Indonesian tribes respect the power of nature. She is a mother, Ibu. She gives a lifetime. I think his heart is a place called Peninsula of the head of the bird or western papúa. He is alive with many types of coral, fish, reefs.

When I started my work, I saw: poaching, steiling, fishing destructively. With dynamite. With poison. Without care for Mother Nature. Without care of mothers and families of the island that Mother Nature need to survive.

You will see, it is a way of subsistence life in the islands. Destroying the coral, destroying fish, will destroy its people. Conservation International is working in communities to protect Mother Nature, use her gifts wisely and find ways to improve the quality of life of the tribes that take care of her.

At first, we have meetings with the whole community. Who is interested? All.

In the next step, and then, who stays with him? Can you guess? Women.

Most likely, women are in the kitchen, cleaning, care. Conservation International helped start business, they are self -sufficient and administered by women.

And women who make virgin coconut oil, coconut soap, are powerful in a new way. They build a network. They hire other women. Donate to church. Programs begin to feed their pregnant sisters and school. They feel dignity. They realize, like Mother Nature, they are a force.

Conservation International is with them. When they wanted to work together to stop illegal fishing, he helped create the first patrol of women in West Papua.

If you catch a community offender, the fun: it is like being caht for the mothers or wives of their friends, it is dinner and will never do it again!

The serious: women are educating the community about nature. And by showing their husbands, showing their children, while leading business, while leading patrol, they are changing minds about women.

IBU is our mother earth, her heart is in this place. Working there now, I see: a tide that lifts everyone because the thesis women are increasing.
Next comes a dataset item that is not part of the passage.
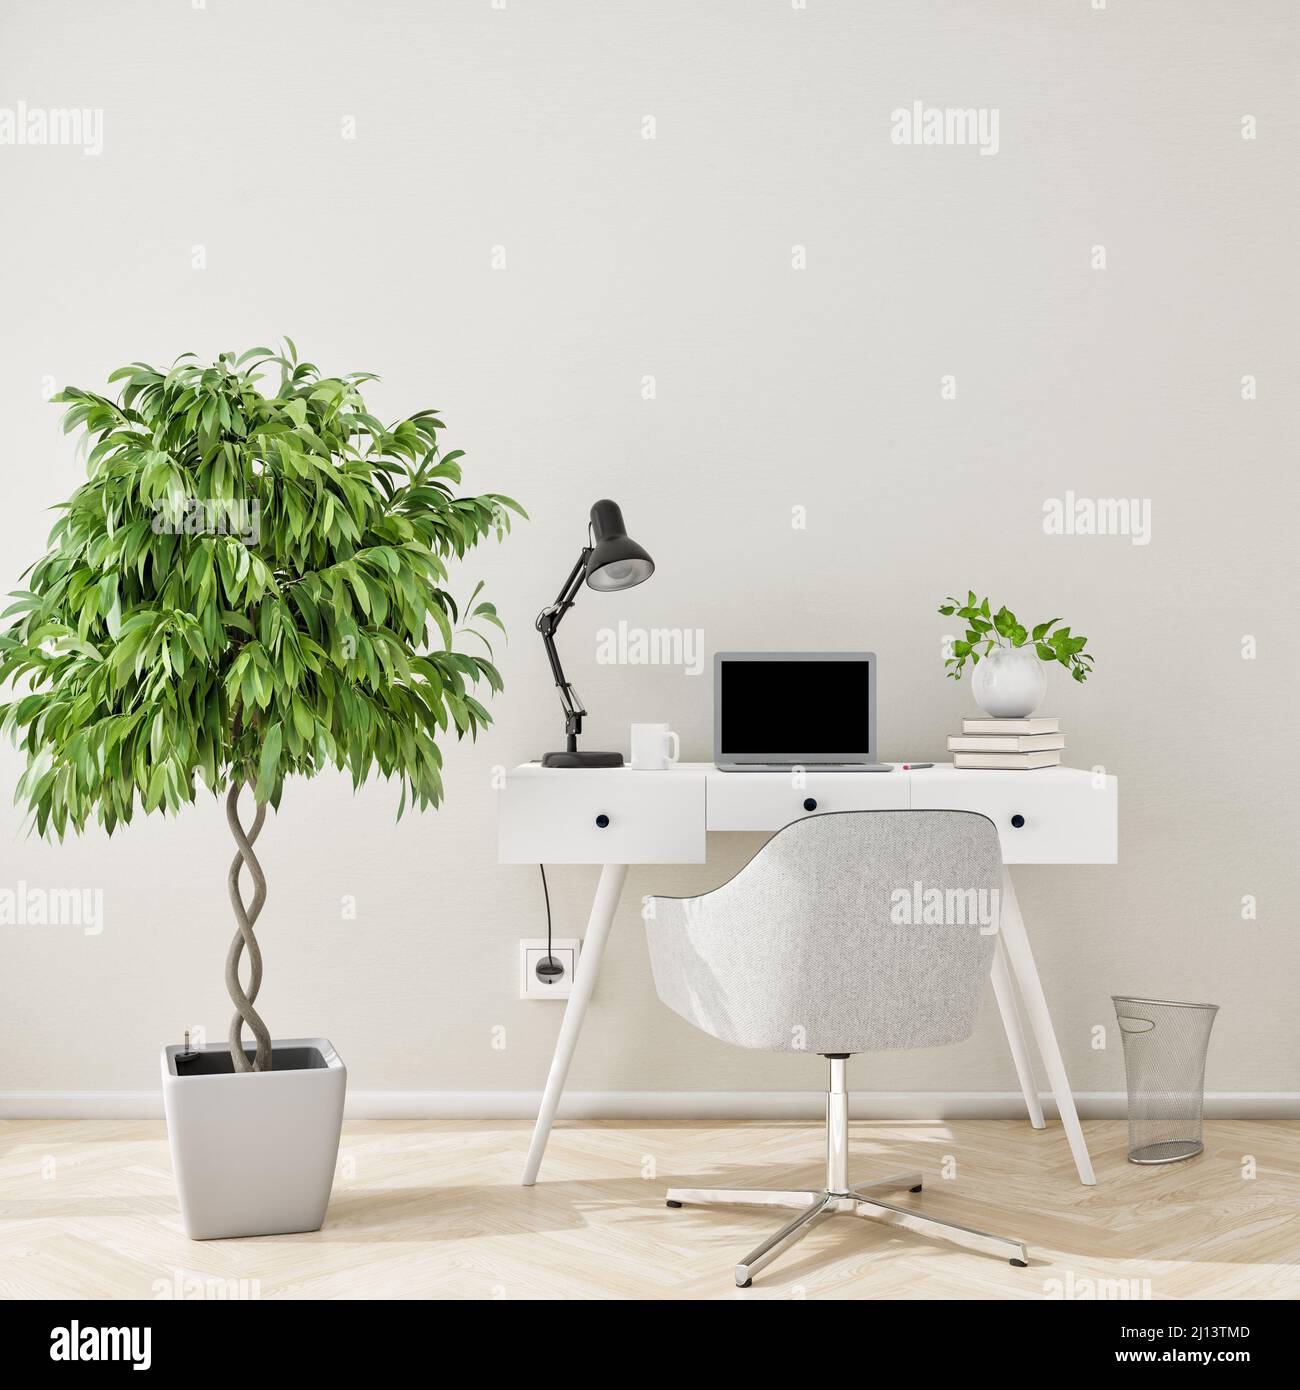 Mockup of a home office area with a beige structured wall, a writing desk, notebook, chair, wastebacket, desk lamp, books, coffee mug and a fig tree. Stock Photo

Emily Pidgeon, senior director of the Blue Climate Program

Emily Pidgeon recalled that he was with Jocel Pangilinan of Conservation International (CI Phillipines), on a beach in a small town in Bagonton in the Visayas region of the Philippines, surrounded by women, had had Super Typhoon decimated by Byyan. Eye, Pidgeon said: “You could see that they were really scared by the perspective of the next storm.”

Pidgeon and Pangilinan stopped among their skepticism under the scorching sun answering cunning questions of hour after hour. “Clearly they were not going to open their village to any silly solution,” Pidgeon said. He explained the green gray infrastructure, an idea that combines mangroves and nuts and engineering screws to prepare for when the next storm arrives, the work that would lead the people.

Pidgeon sees worldwide: “Women are the basis of mangrove conservation in almost the entire place where we work.” Because? She thinks that it has to do with time, space and connection: “Women spend time with all generations of a community and, therefore, understand the past, the present and the future of how these coastal ecosystems provide food, shelters and stability for their communities.”

Trisha Calvare is a senior writer in Conservation International.